## Provided records:
= Beginning of Section =

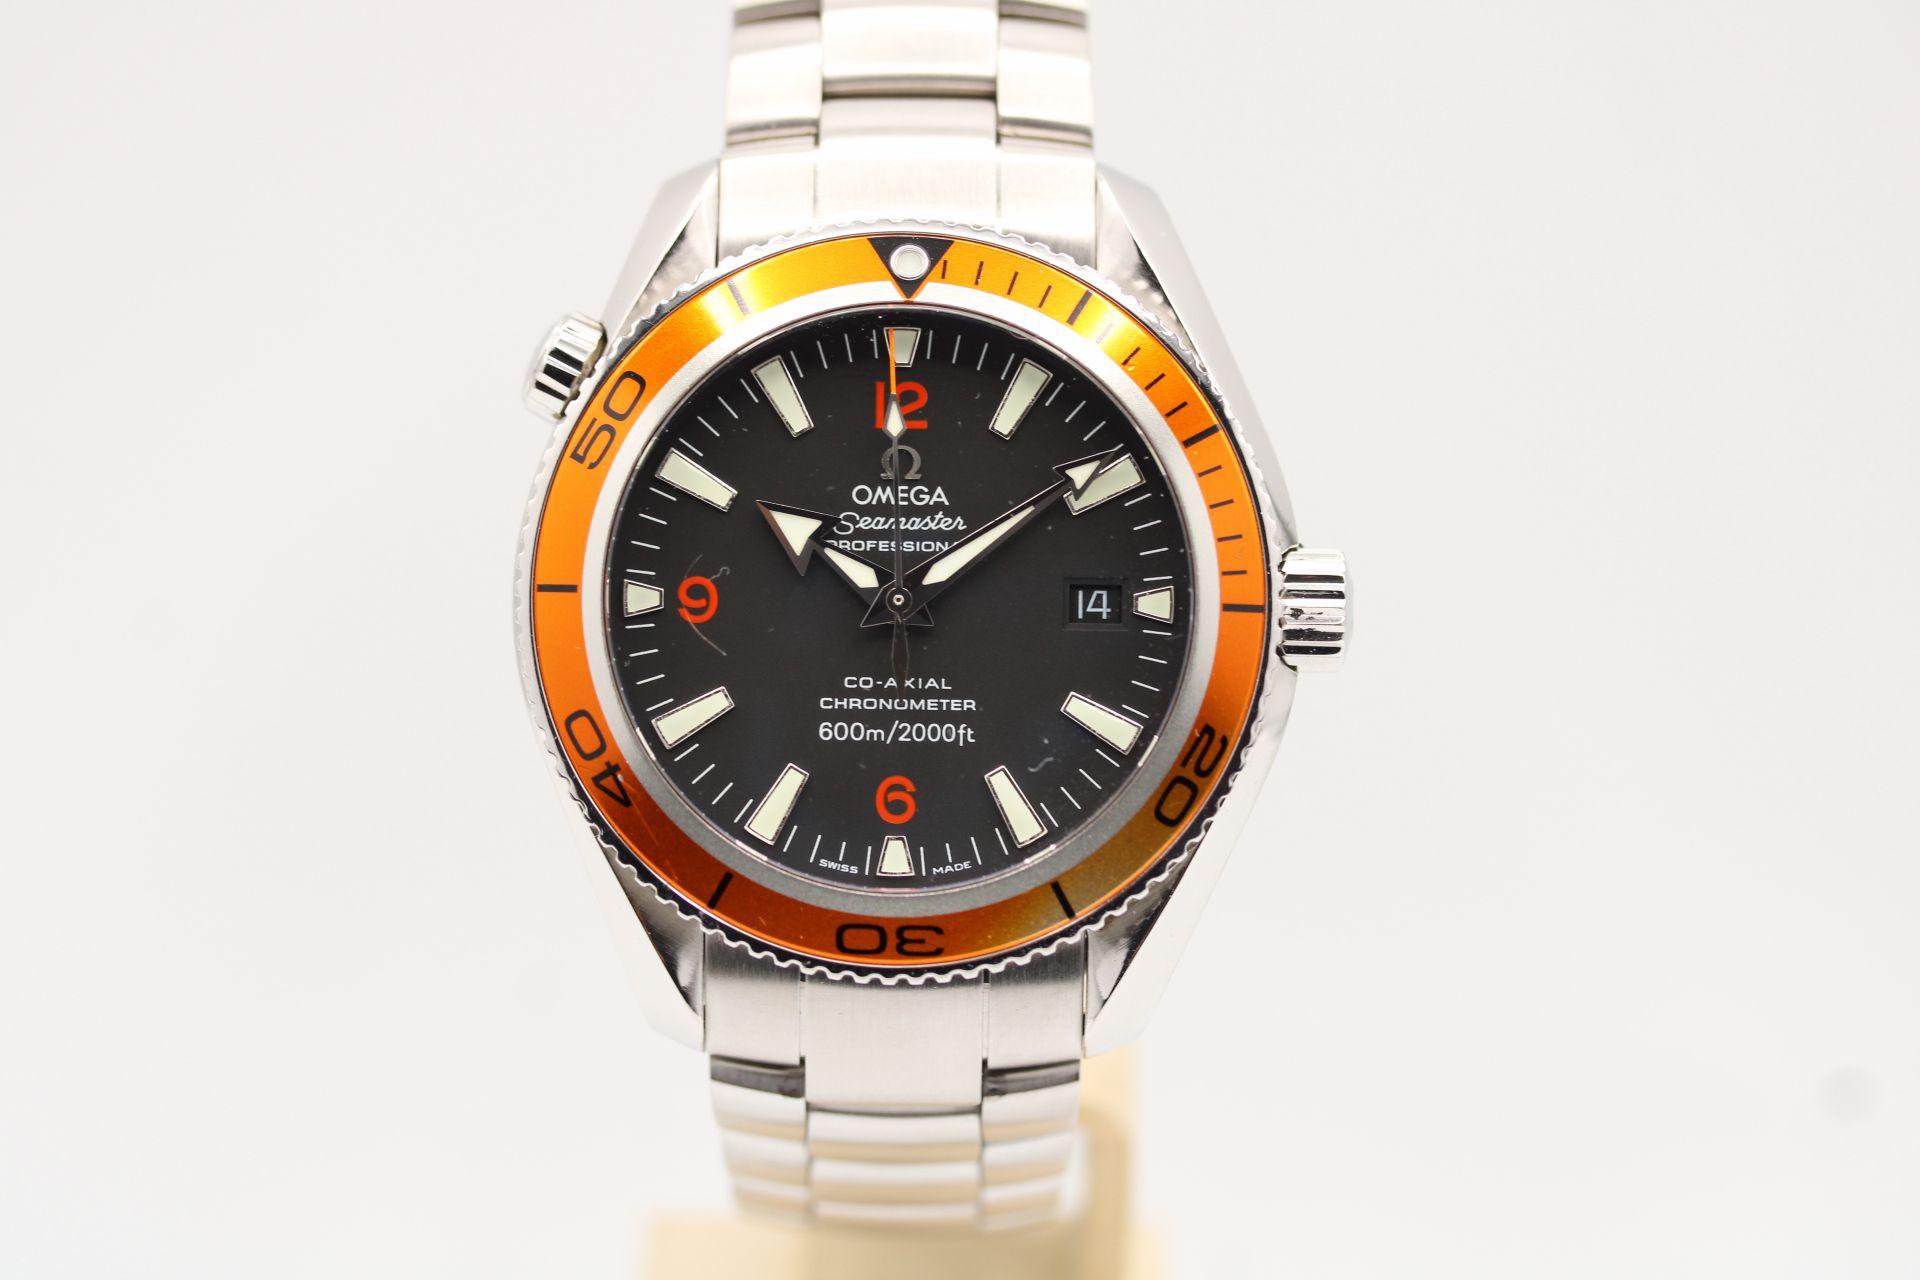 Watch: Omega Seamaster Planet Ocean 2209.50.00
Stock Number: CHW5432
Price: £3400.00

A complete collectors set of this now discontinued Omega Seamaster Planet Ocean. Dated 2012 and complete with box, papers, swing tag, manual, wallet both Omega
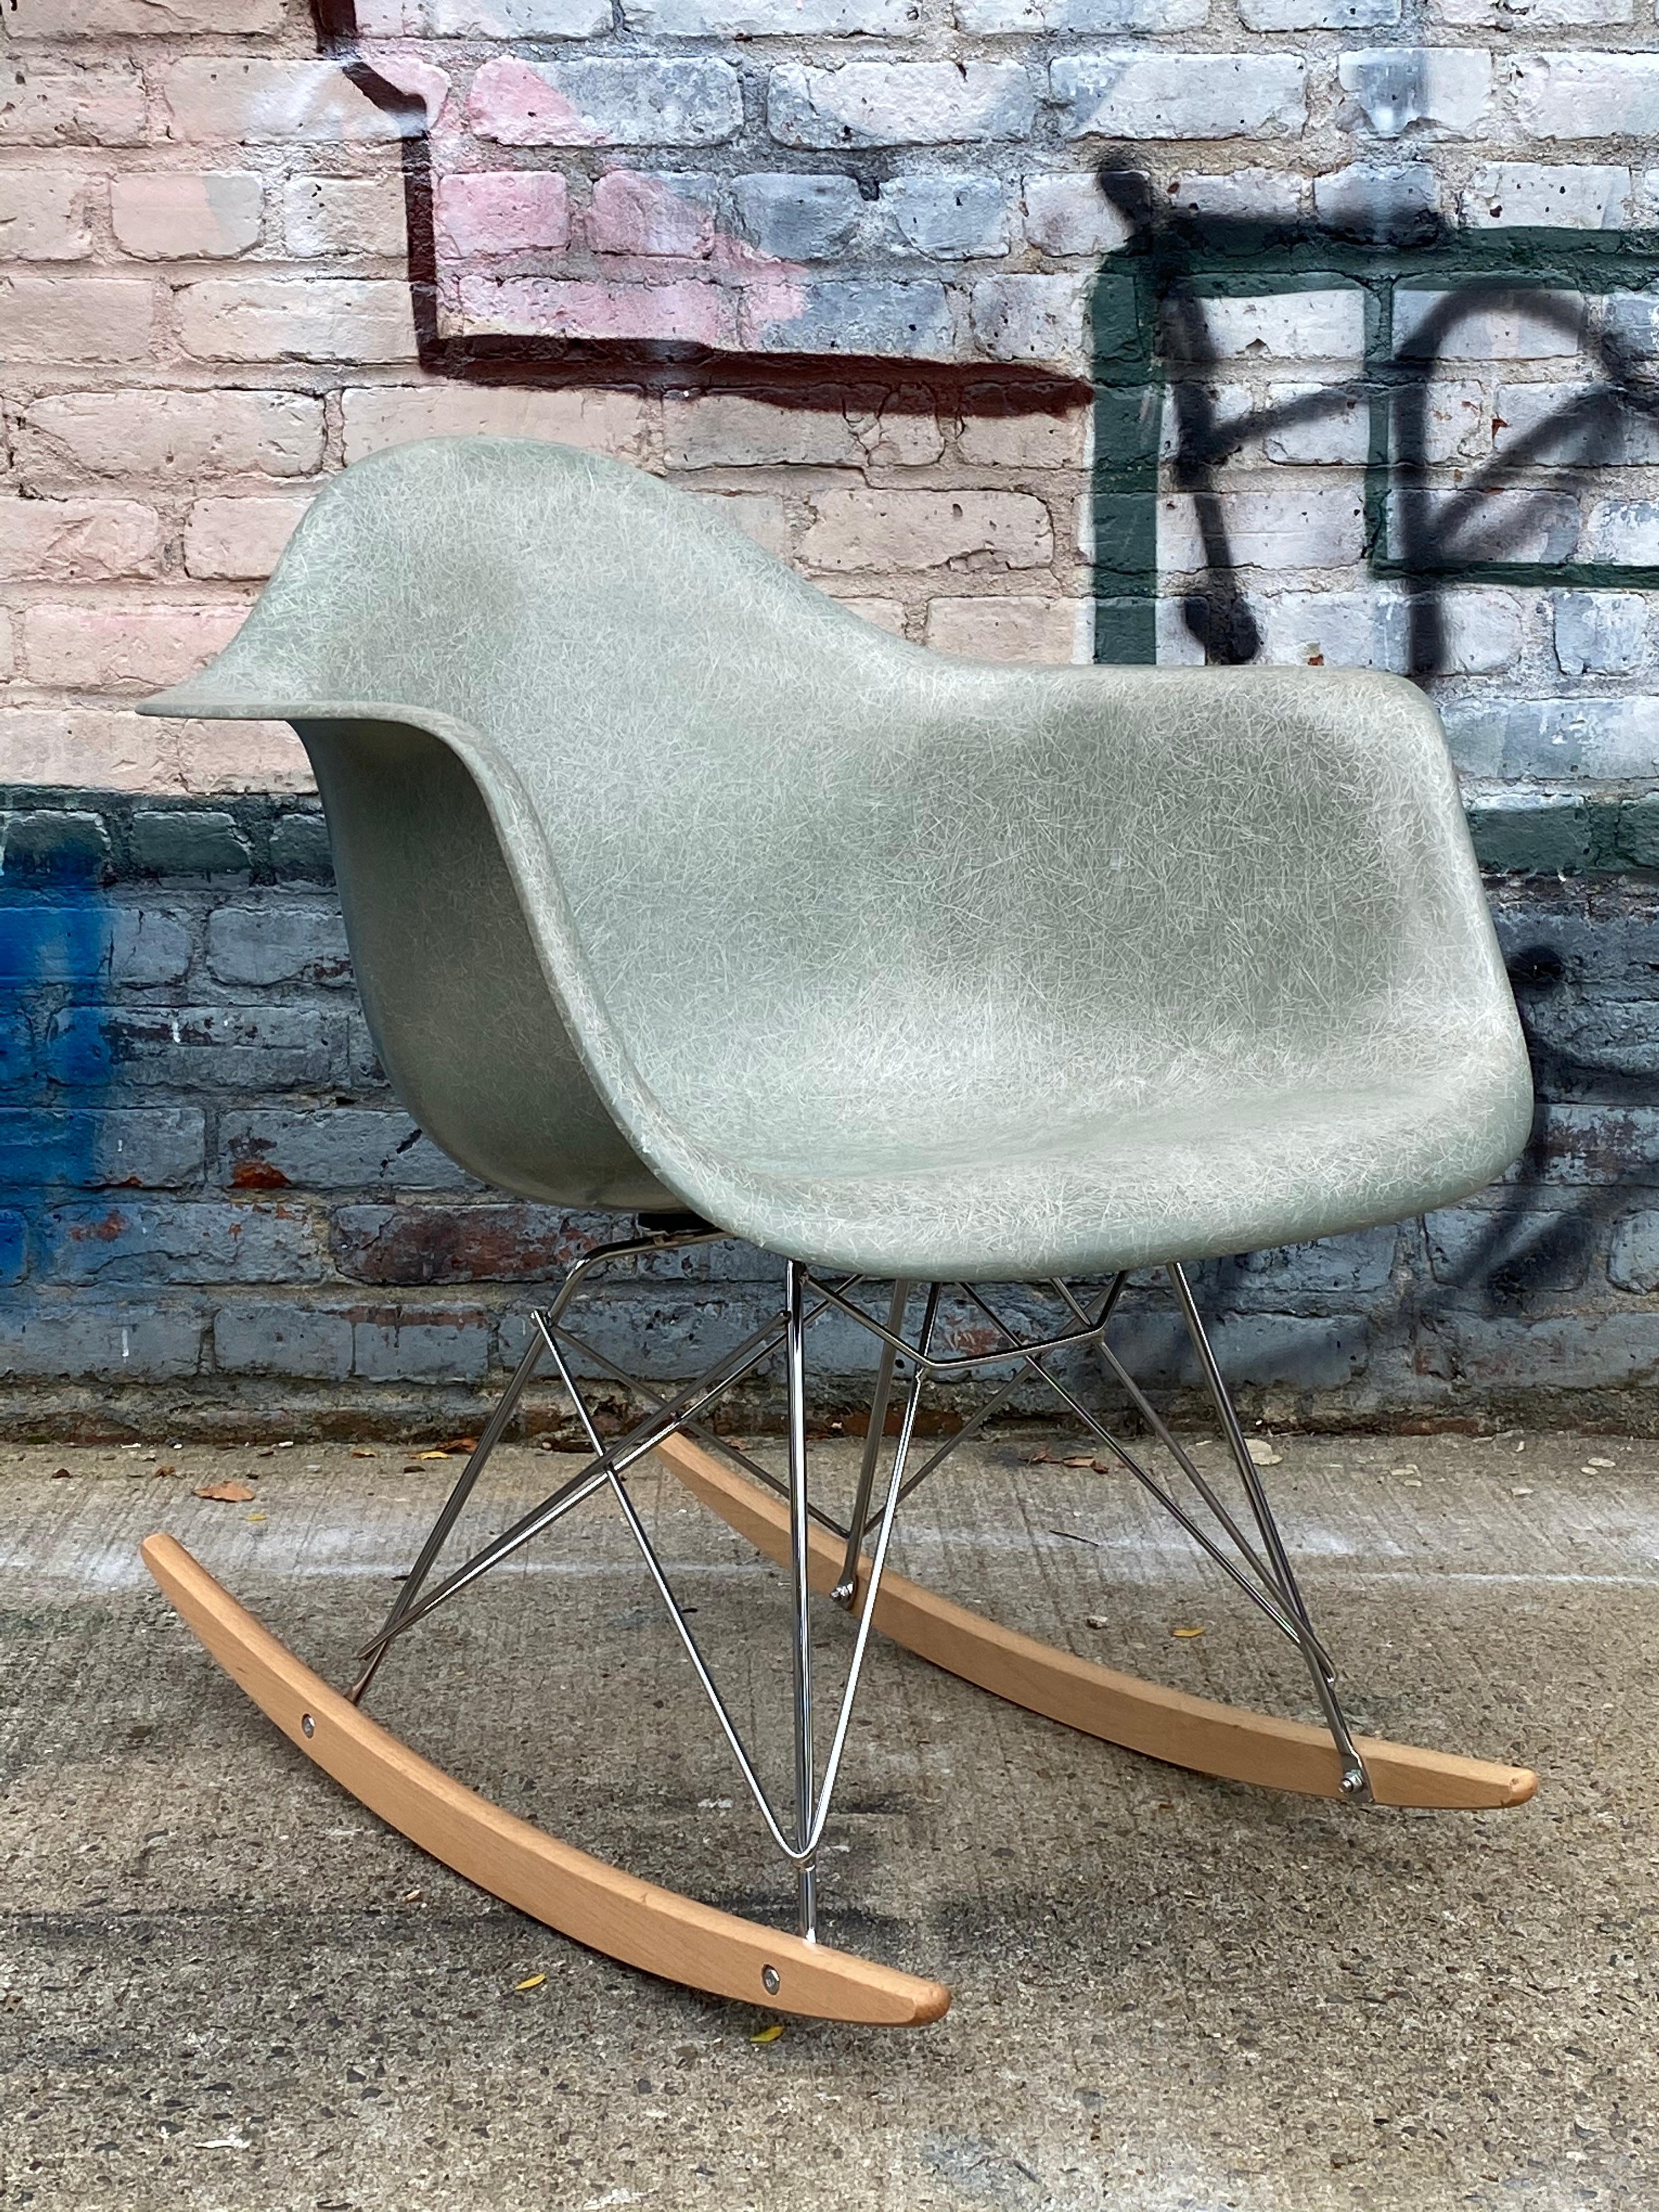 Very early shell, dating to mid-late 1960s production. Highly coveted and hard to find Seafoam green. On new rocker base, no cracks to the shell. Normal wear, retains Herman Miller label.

= End of Section =

## Description of the task:
Your answer should contain all the material above, written out exactly, and none of the pictures.

## Written reply:
 Watch: Omega Seamaster Planet Ocean 2209.50.00
Stock Number: CHW5432
Price: £3400.00

A complete collectors set of this now discontinued Omega Seamaster Planet Ocean. Dated 2012 and complete with box, papers, swing tag, manual, wallet both Omega
 Very early shell, dating to mid-late 1960s production. Highly coveted and hard to find Seafoam green. On new rocker base, no cracks to the shell. Normal wear, retains Herman Miller label.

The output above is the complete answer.